EclectEcon

Economics and the mid-life crisis have much in common: Both dwell on foregone opportunities

C'est la vie; c'est la guerre; c'est la pomme de terre . . . . . . . . . . . . . email: jpalmer at uwo dot ca


. . . . . . . . . . .Richard Posner should be awarded the next Nobel Prize in Economics . . . . . . . . . . . .

Thursday, October 20, 2005

Feeling My Age

Today is my birthday. I'm 87 years old today. At least I feel that way sometimes.

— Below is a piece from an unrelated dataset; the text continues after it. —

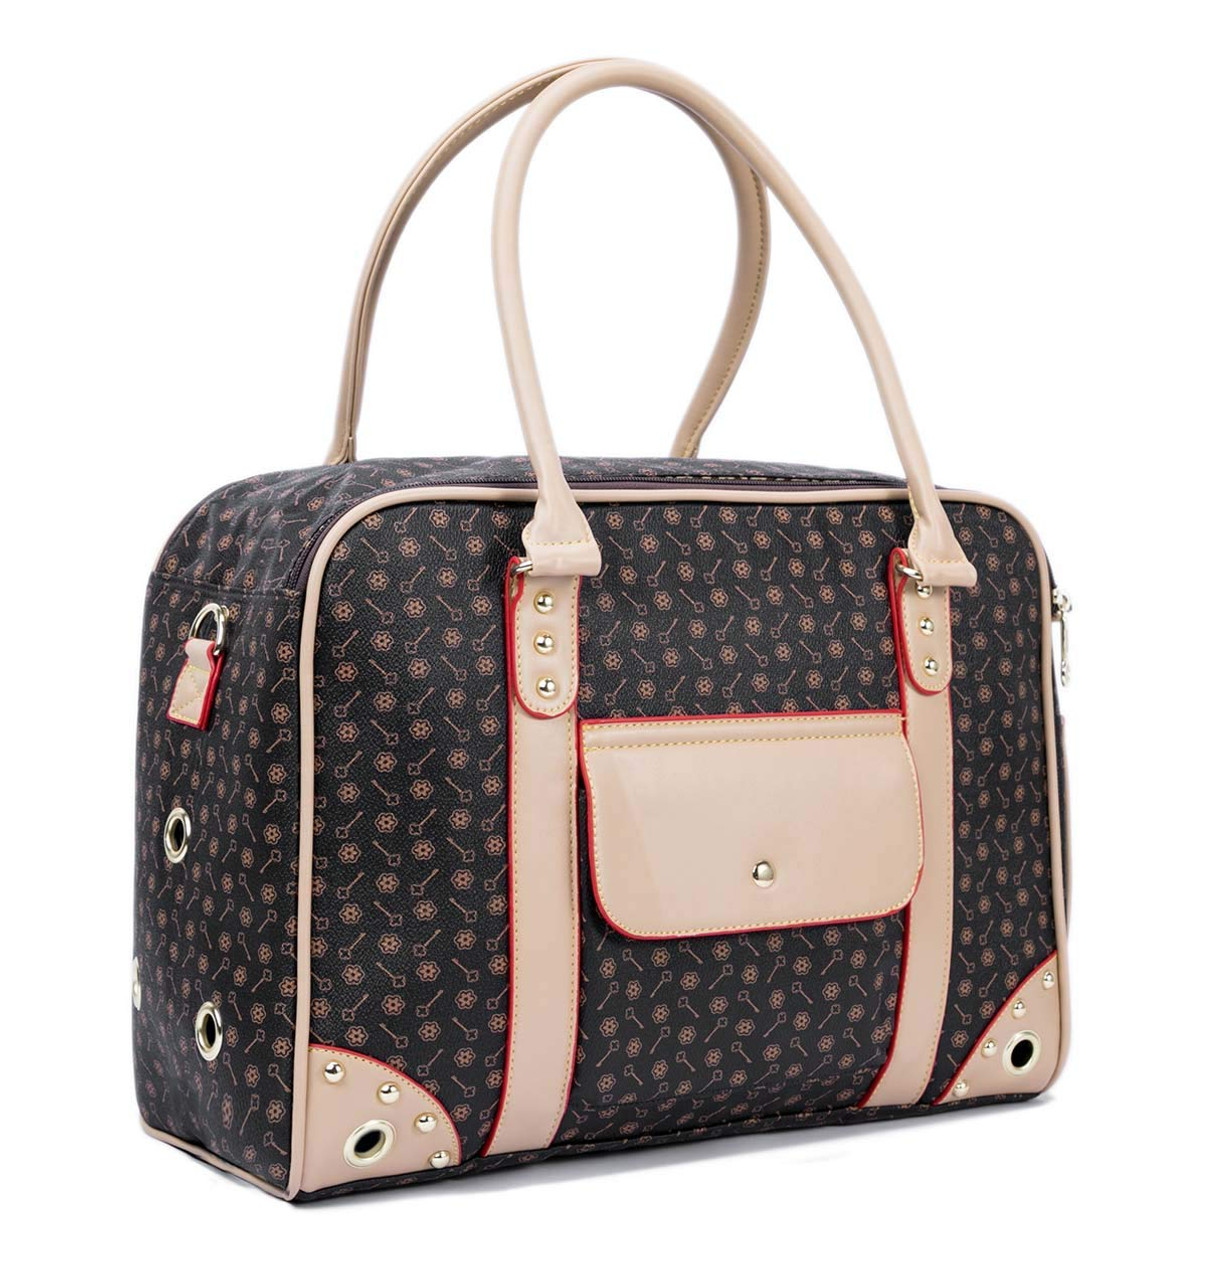 dog carrier tote

I asked my introductory economics students if any of them had heard of Frank Zappa. They developed a puzzled, "Who's that?" look on their collective faces.

Here is (I think) the first album of The Mothers of Invention, Freak Out; I first heard it in 1965. It had such classics as "Wowie Zowie" and "Help! I'm a Rock".


Many afficiandos will disagree, but the other great album by Frank Zappa and the Mothers of Invention was this one:


It had the classics "Dinah - Moe - Hum", "Camarillo Brillo", and probably my all-time favourite, "Montana", which I have often used to illustrate production functions in my microeconomics theory classes: Production of dental floss as a function of beeswax, tweezers, pygmy ponies, white boxes, dental-floss bushes, and labour.

When I sing along with the song nowadays, I substitute "Alberta" for "Montana" to good effect.....

Well I might be movin' to Alberta soon
Just to raise me up a crop of dental floss.

... Raisin' it up, waxin' it down.
In a little white box that I can sell uptown.

By myself, I wouldn't have no boss,
But I'd be raisin' my lonely, dental floss.